There are many simple ways to reduce hallucinations. A model with more parameters and longer training time tends to hallucinate less, but this requires greater computational power and involves trade-offs with other chatbot skills, such as the ability to generalize.

 

DON’T TRUST — VERIFY

 

One approach to limiting hallucinations is retrieval-augmented generation (RAG), where a chatbot refers to a predefined, reliable text before responding. Some RAG-based models developed for legal research are considered «almost perfect».

RAG can indeed significantly improve factual accuracy. However, it remains a closed system. In the infinite space of knowledge and facts, it has limitations. Therefore, to verify chatbot responses against internet search results, developers use independent systems that have not been trained in the same way as AI.

For example, Google’s Gemini system includes a «double-check» feature. It highlights parts of its response in green (if verified by an internet search) or brown (for disputed content). Unfortunately, such systems also hallucinate because the internet itself is full of unreliable information.

 

SELF-REFLECTION AGAINST HALLUCINATIONS

 

A parallel approach involves detecting inconsistencies by questioning the chatbot’s internal state. It can be made to talk to itself, to other chatbots, or to humans. This self-reflection can help curb hallucinations.

For example, chatbots can be asked multiple questions about a cited article, such as «Are you sure about this?» Bots tend to be less consistent in their responses when they are hallucinating.

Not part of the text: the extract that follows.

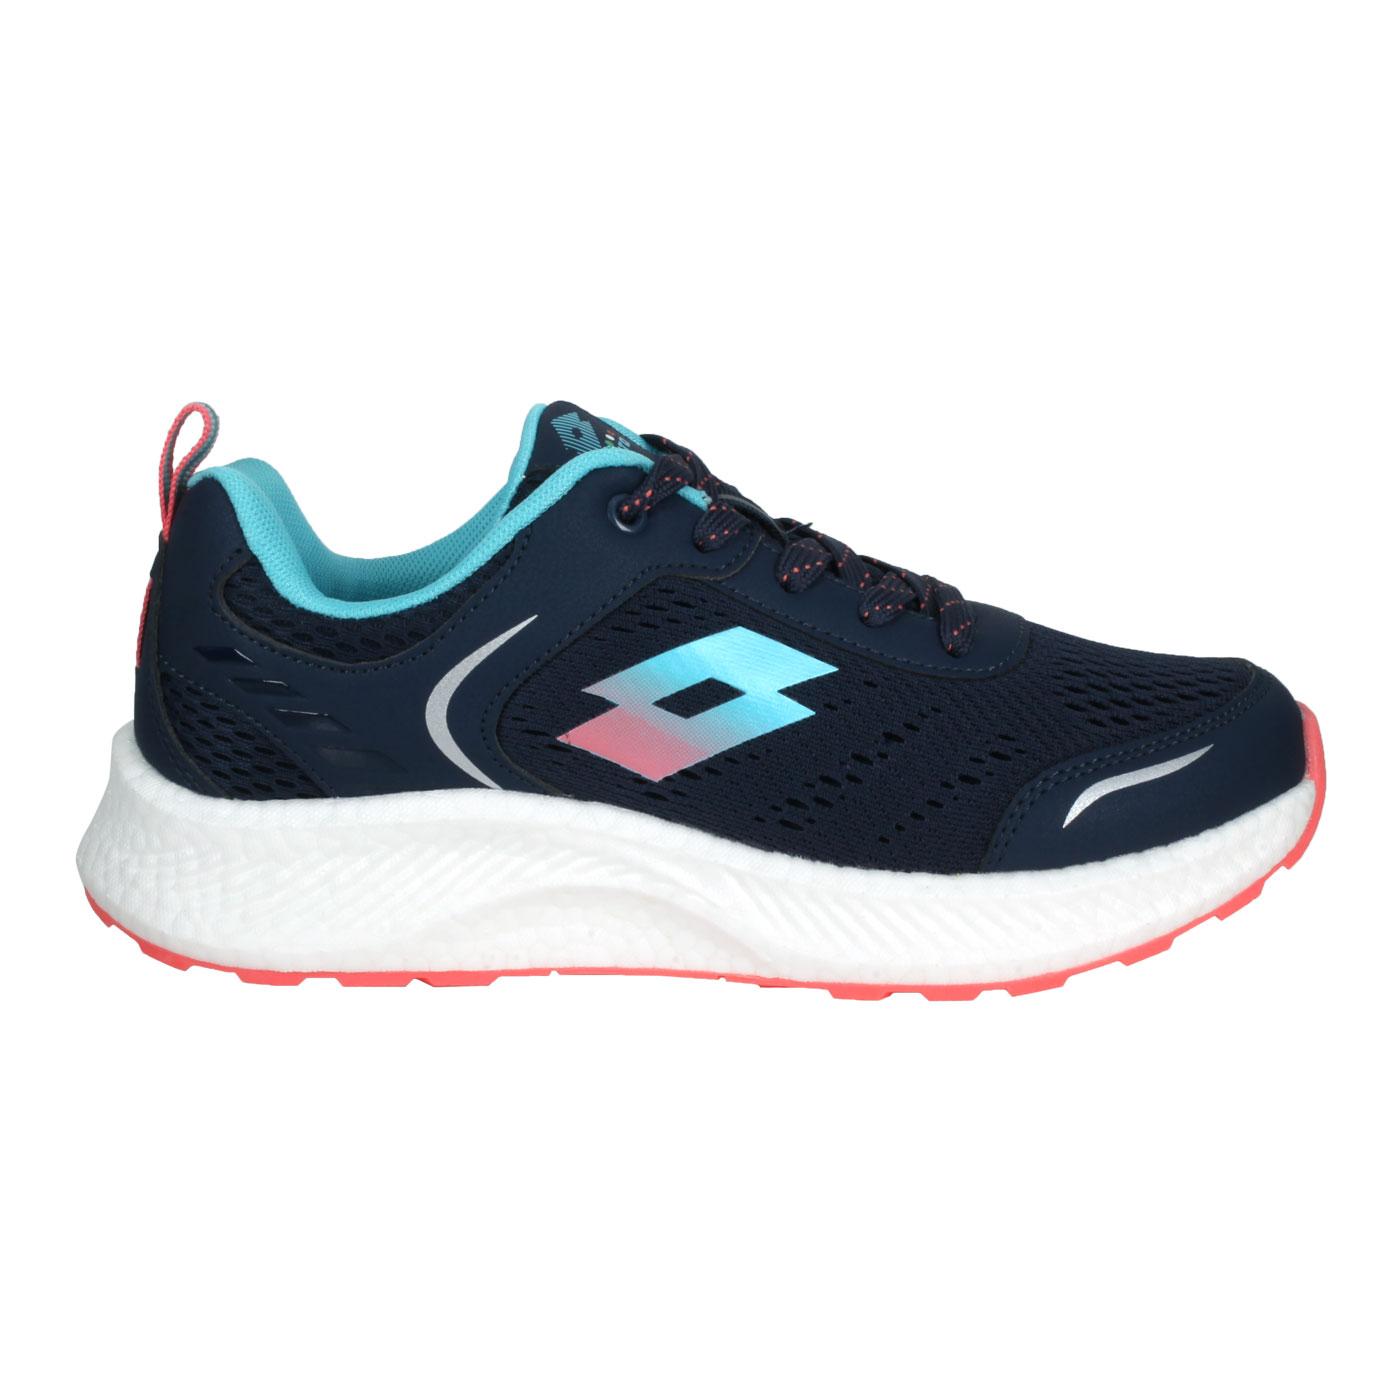 LOTTO 女款創跑鞋 LT1AWR3826 - 丈青藍

Researchers have even attempted to automate such consistency checks for chatbot answers to the same query.

These methods do not require additional training, but demand significant computational resources when processing responses. Andy Zou and his team are currently working on developing LLM «self-awareness» by training it to map its internal states.

According to him, AI will soon be rewarded not just for producing the correct answer based on a good guess but also for recognizing that its answer is indeed correct. And when confidence is low, chatbots should be encouraged to refuse to respond. Such a bot could potentially predict whether it is hallucinating with an accuracy of around 84%.

 

LEARNING TO UNKNOW

 

What confuses people the most about chatbots is their confidence when they are wrong. Models mostly «know» what they know. However, the opposite scenario is also fairly common. Teaching them this «unknowing» is still a challenge.

It would be ideal if a chatbot could conscientiously report whether it truly knows something or is merely guessing. But how do we teach it to be cautious with its own training data?

Or what should it do when the provided text or instruction conflicts with its internal knowledge? Chatbots lack perfect memory and can misremember things. Even a rational human sometimes makes this mistake — so what can we expect from a machine?

 

TOTAL NONSENSE — BUT FUN!

 

For now, language models generate fabricated information that should be treated with caution. However, researchers believe that as the variety of available chatbots expands, they will likely display a range of behaviors.

Some will become so strictly fact-based that they’ll turn into extremely dull conversation partners. Others will wildly speculate to the point where we’ll stop trusting them for anything important.

But at least you’ll always have the option to say: «This model spews total nonsense 60% of the time, but it’s so much fun to chat with!»